VICE ACADEMY 4 reverts back to the "nice and nasty" combo that then lasts for the remainder of the series, but both the character of Holly and the actress Ginger Lynn Allen go bye-bye. Candy is still around, being played by Elizabeth Kaitan, and she's more or less still Nice. But now Samantha, graduated from both prison and the vice academy program, is played by one Rocki Garner, is no longer the goody-good from Part 3. She's not as bitchy as Traci, the character who assumes the Nasty Girl role in installments 5 and 6. But in one of Samantha's few attempts to enact any duties close to those of real vice cops-- that of pretending to be a hooker-- Samantha rages at a potential customer who says he'd rather spend his money on a video game rather than someone so "trashy." For some reason, I found that Garner made a better foil to Kaitan than any of the other pairings. if only because Garner is taller than the average girl.

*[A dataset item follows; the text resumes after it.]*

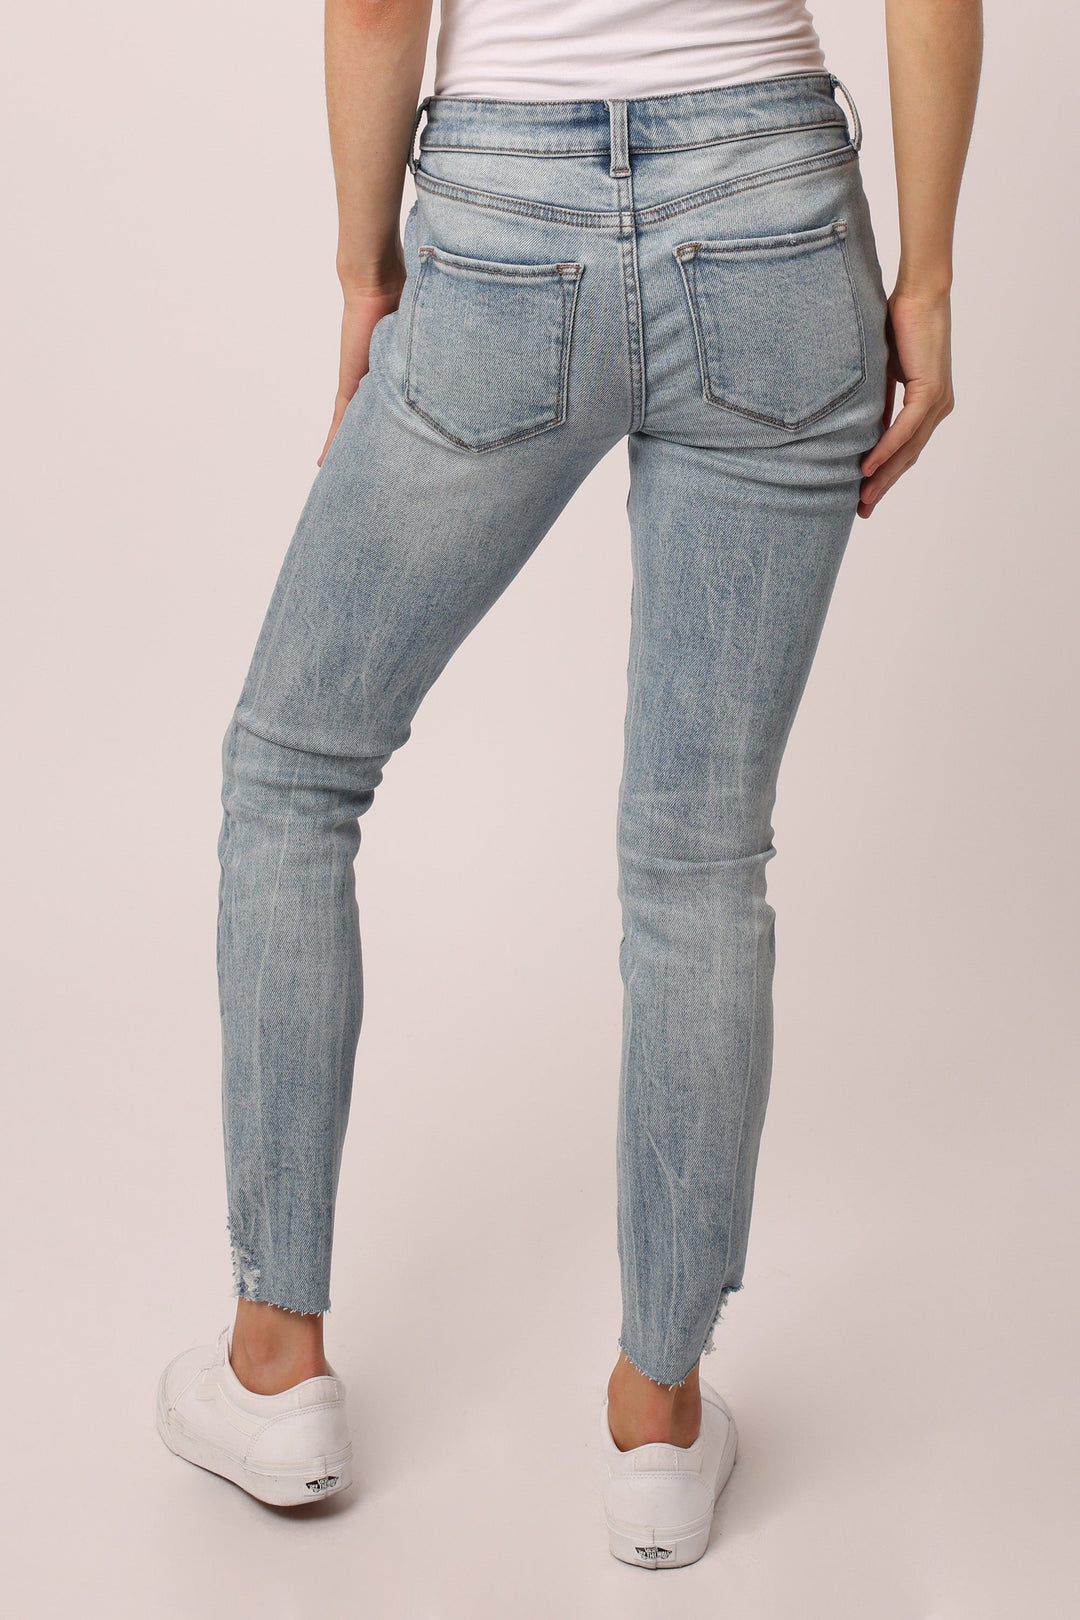 image of a female model wearing a JOYRICH MID RISE SKINNY JEANS ALAMOSA JEANS

The actress's height lends some credibility to a scene in which the usually incompetent vice-duo manage to beat up a male perp between them.

And what's the lame menace this time? Well, it's the crazed Malanthion again (Julia Parton), and her plans for revenge are once again pretty picayune. like attacking the vice cops, including Miss Devonshire (once more played by Jayne Hamil). However, she briefly gets something like real super-powers. She's being routinely tortured with electroshock in the local prison-- possibly a joke spun off from "serious" WIP films-- but Malanthion survives the shock and escapes. Later, she's seen at a club, where she tosses around a couple of male bouncers-- apparently with super-strength, though this power never shows up again.

Now, from that basic description, Number Four sounds as stupid as all the others. Well, it is-- but more of the jokes work on their own terms than in any of the other entries. Some include:

*After Miss Devonshire gets the dimbulb Commissioner to propose marriage, Candy offers to help find the "best man." When Devonshire claims she doesn't think Candy could find the best man, Candy claims she was once at a nude beach, where it was easy to find the "best man."

*The girls attempt to order a stripper for Devonshire's hen party, and instead of getting a male performer named Mister Centaur, they get Miss Century, the only hundred-year-old female stripper.

*Devonshire says she wants to wear wedding clothes appropriate to someone from the sixties, and Samantha mishears it as "someone in her sixties."

*Candy's suggestion for a honeymoon site: "There's Tijuana; I've heard about this donkey show--"

It all wraps up with Malanthion trying to crash Devonshire's wedding, and a swipe from the 1966 "Batman" theme song, though as usual the end "fight" is barely worthy of that name.